[DATA SHOWN Boundary: Start]

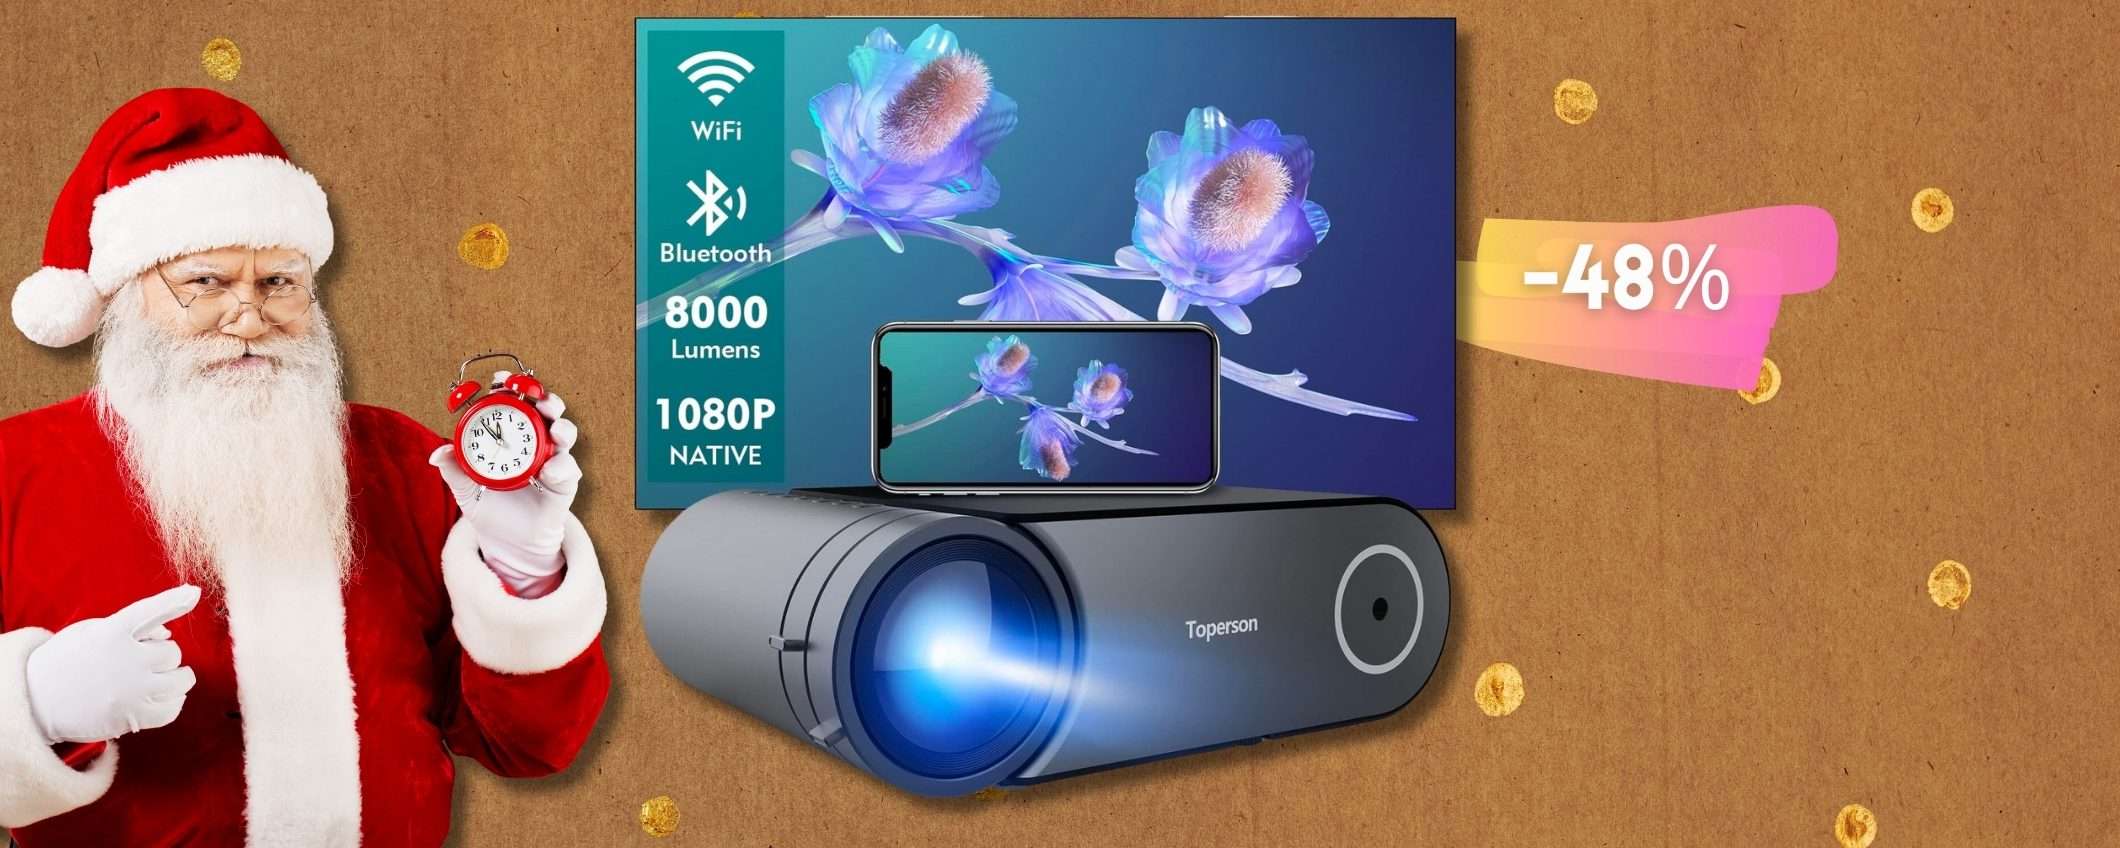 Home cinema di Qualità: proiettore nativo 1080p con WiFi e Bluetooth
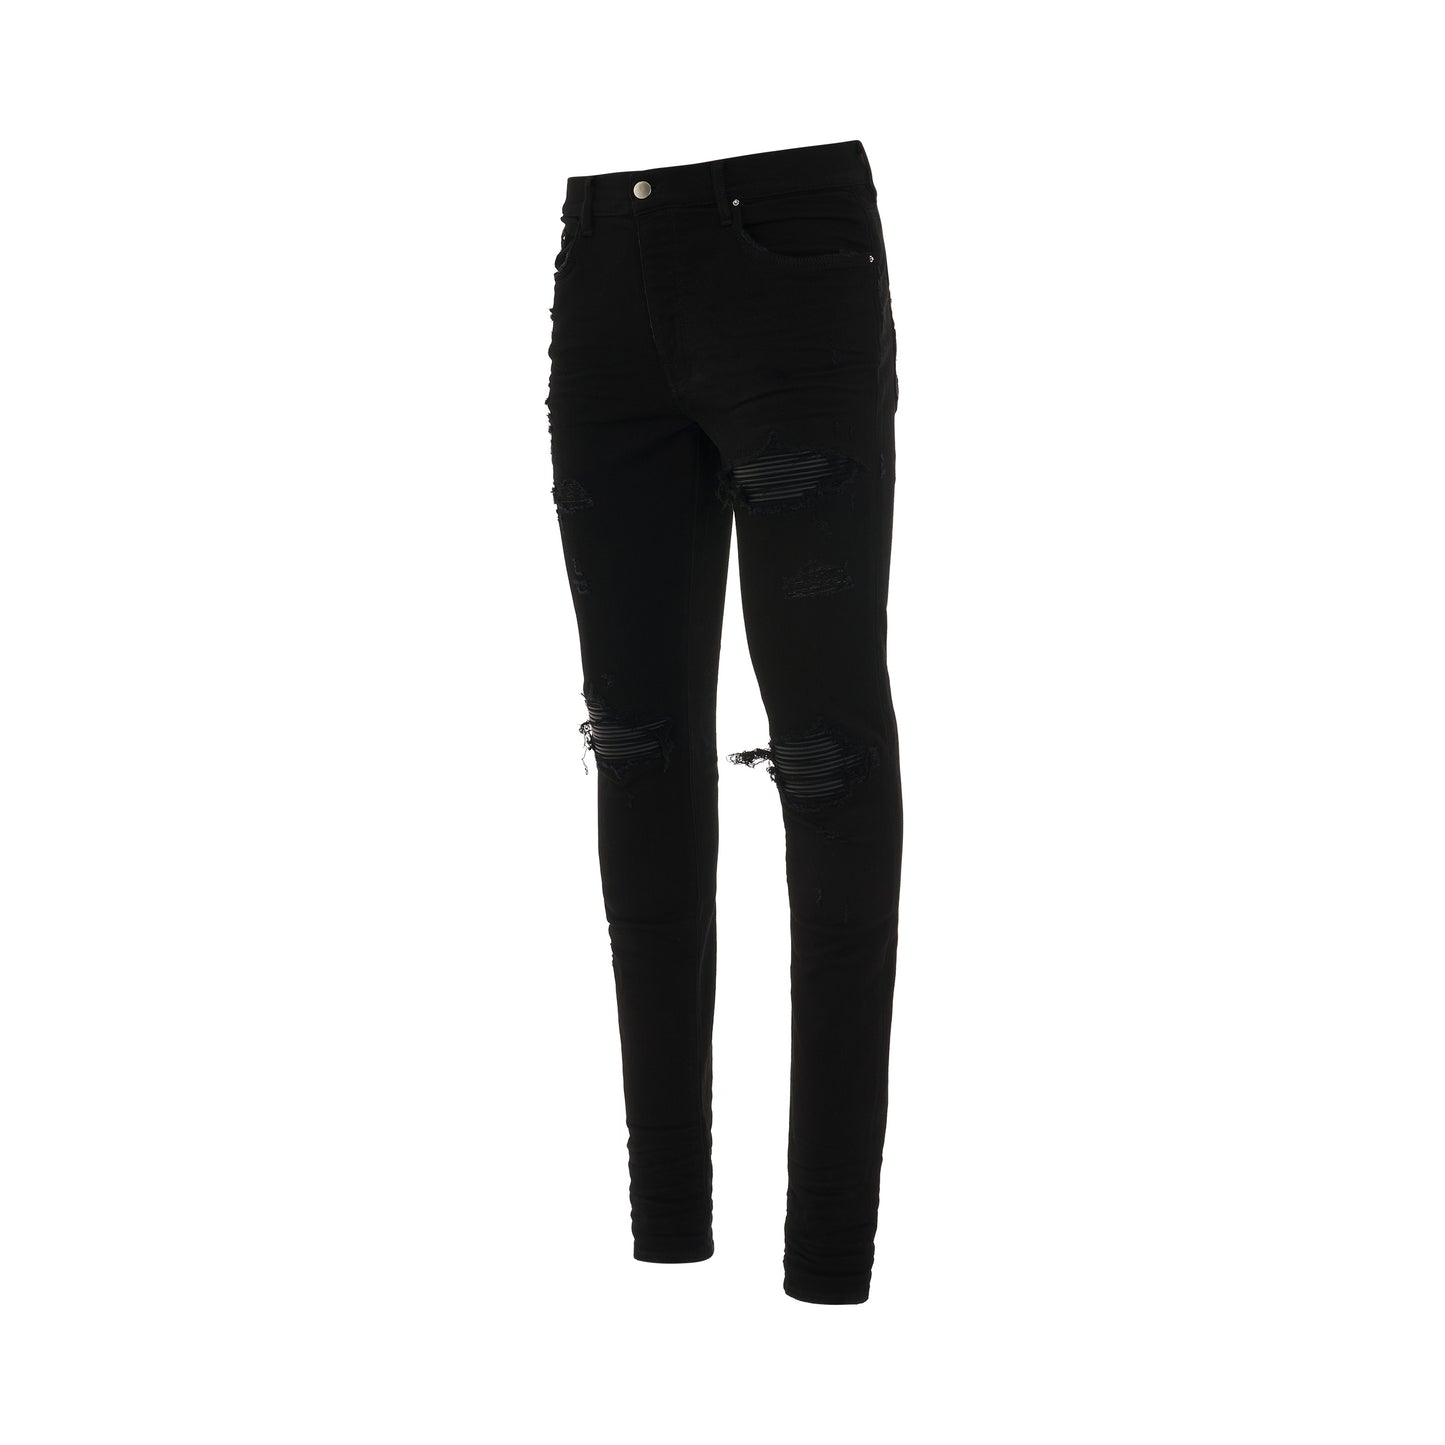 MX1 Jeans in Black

[DATA SHOWN Boundary: End]
[DATA SHOWN Boundary: Start]

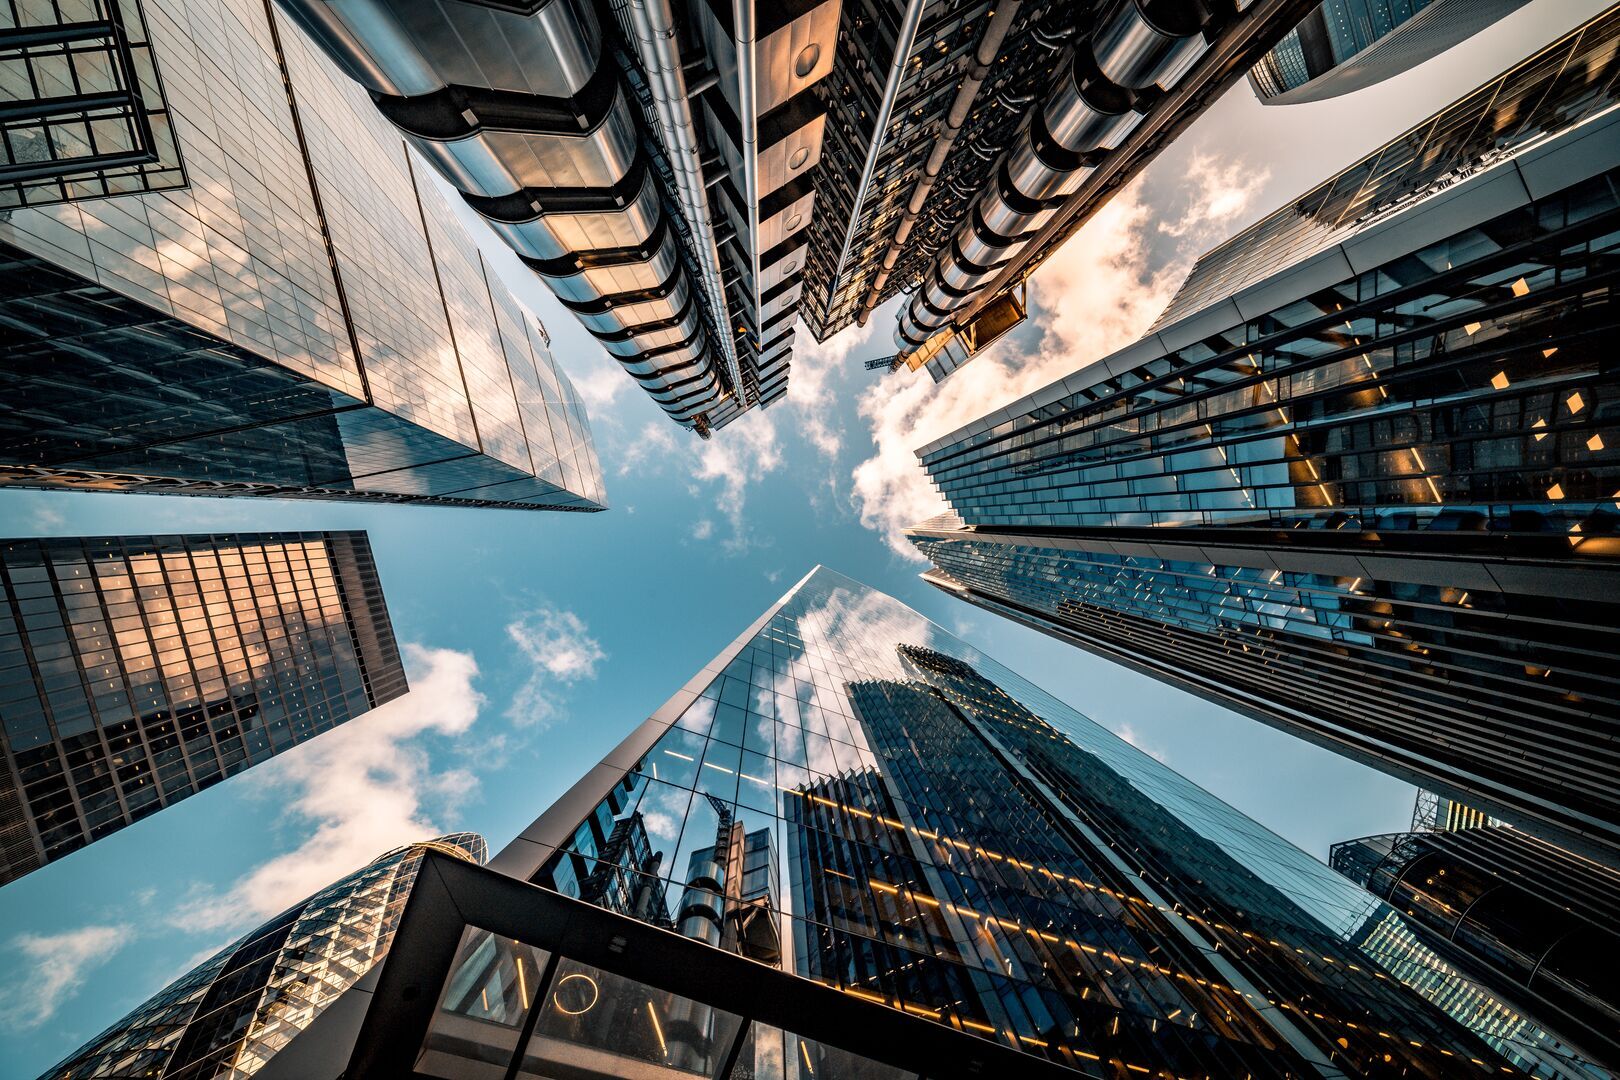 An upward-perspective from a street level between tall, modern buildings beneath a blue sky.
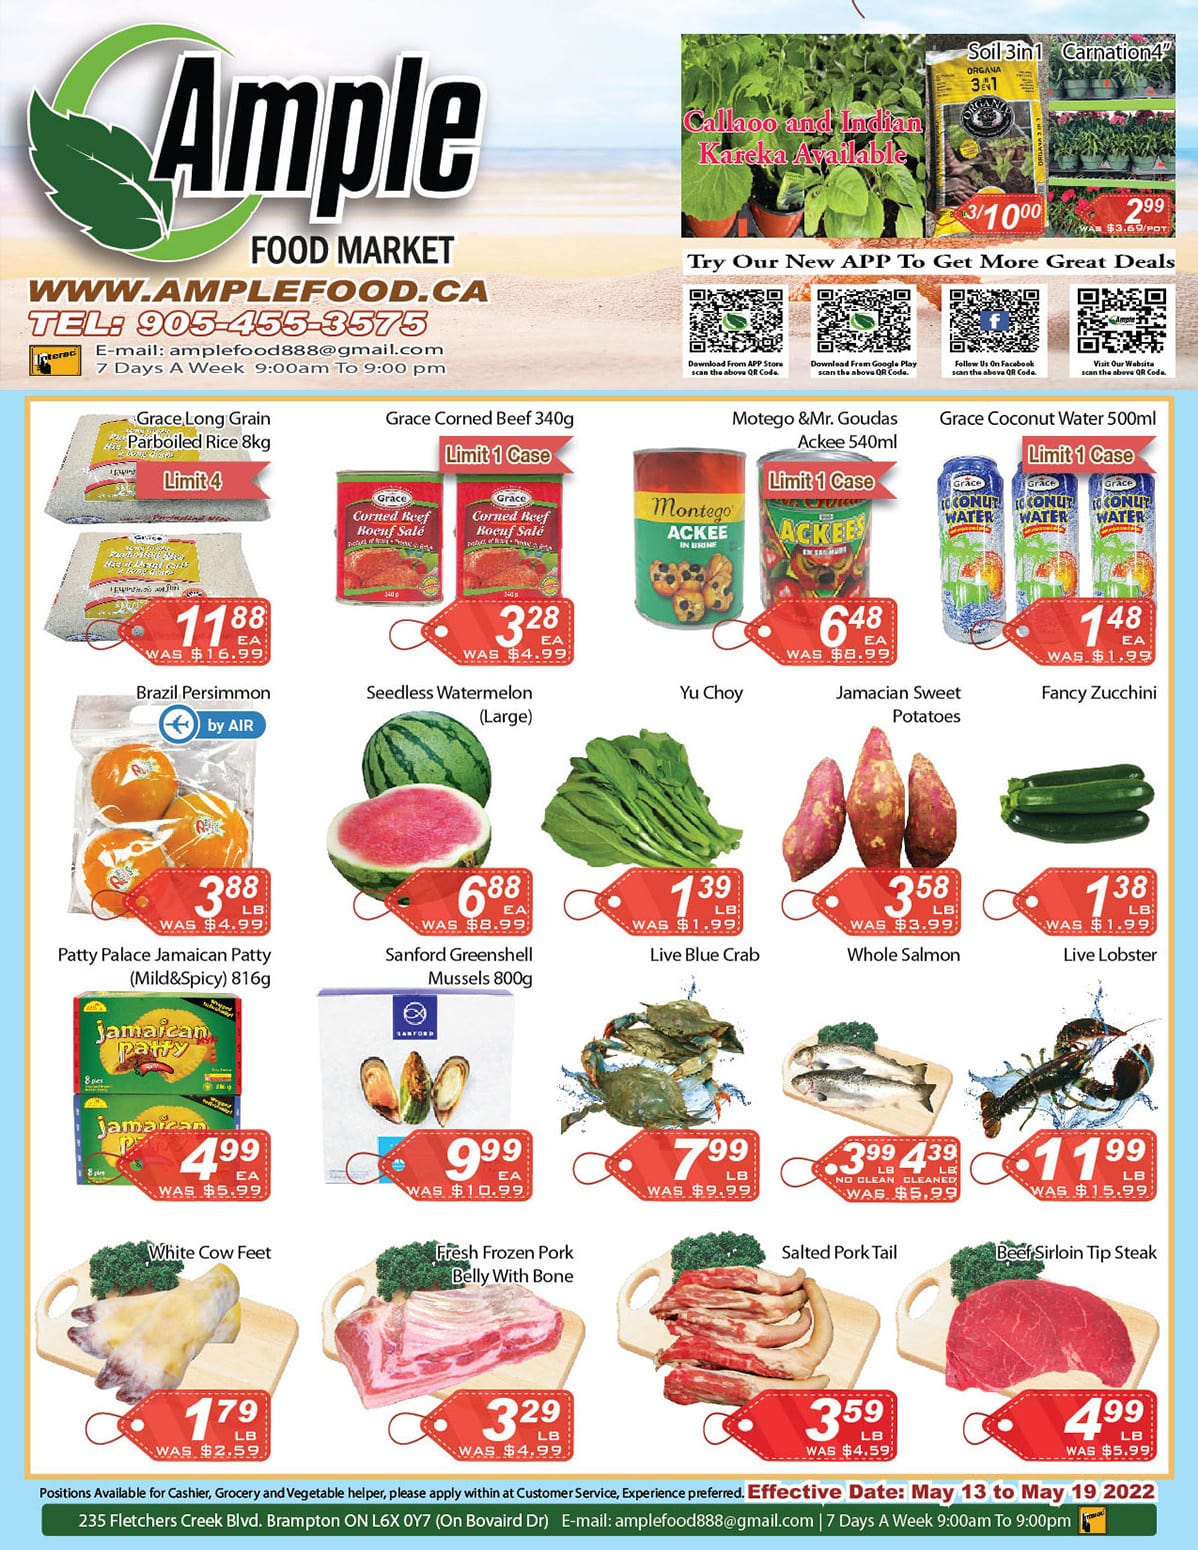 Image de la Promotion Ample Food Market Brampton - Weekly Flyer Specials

[DATA SHOWN Boundary: End]

(AIM OF THE EXERCISE): Within the listing above, find the line containing "Home cinema di" and the line containing "MX1 Jeans in Black". Transcribe them and everything between them exactly, leaving out the pictures.

(EXERCISE SOLUTION):
 Home cinema di Qualità: proiettore nativo 1080p con WiFi e Bluetooth
 MX1 Jeans in Black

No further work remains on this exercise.